**Description of the task**
For each line in the material below that holds "from", copy that line.

**Records provided**

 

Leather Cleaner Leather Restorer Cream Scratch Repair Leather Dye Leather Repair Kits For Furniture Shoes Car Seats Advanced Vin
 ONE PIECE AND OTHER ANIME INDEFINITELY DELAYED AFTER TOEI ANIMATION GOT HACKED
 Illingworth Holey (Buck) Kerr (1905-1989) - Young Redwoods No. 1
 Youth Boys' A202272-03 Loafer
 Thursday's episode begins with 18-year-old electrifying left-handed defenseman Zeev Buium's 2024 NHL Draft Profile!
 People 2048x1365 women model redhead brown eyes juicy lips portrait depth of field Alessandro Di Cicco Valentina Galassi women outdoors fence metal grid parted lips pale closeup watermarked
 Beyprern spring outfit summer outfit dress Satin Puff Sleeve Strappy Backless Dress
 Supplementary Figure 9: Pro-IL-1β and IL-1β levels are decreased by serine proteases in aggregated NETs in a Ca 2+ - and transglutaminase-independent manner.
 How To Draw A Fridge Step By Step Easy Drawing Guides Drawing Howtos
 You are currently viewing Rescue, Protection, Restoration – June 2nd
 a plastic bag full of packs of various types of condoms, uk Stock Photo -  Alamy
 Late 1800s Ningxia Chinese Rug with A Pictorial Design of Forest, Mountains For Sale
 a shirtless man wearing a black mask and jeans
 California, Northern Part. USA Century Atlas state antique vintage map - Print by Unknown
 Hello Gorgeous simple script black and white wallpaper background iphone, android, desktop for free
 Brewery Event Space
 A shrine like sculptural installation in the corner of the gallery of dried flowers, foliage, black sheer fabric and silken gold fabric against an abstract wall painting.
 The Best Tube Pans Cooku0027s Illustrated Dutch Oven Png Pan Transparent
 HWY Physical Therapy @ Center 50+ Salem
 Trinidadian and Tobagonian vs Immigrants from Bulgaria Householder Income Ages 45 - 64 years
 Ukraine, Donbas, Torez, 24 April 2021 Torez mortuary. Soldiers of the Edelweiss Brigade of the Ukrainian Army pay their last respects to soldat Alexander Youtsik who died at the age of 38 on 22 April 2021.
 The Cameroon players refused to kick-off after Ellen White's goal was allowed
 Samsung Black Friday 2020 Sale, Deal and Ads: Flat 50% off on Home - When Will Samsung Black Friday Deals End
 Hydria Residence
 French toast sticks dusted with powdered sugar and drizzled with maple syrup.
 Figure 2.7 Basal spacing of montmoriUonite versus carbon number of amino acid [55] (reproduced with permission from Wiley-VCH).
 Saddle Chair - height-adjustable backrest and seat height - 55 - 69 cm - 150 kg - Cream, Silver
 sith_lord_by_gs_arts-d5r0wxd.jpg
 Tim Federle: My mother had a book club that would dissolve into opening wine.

**Result of the exercise**
 Trinidadian and Tobagonian vs Immigrants from Bulgaria Householder Income Ages 45 - 64 years
 Figure 2.7 Basal spacing of montmoriUonite versus carbon number of amino acid [55] (reproduced with permission from Wiley-VCH).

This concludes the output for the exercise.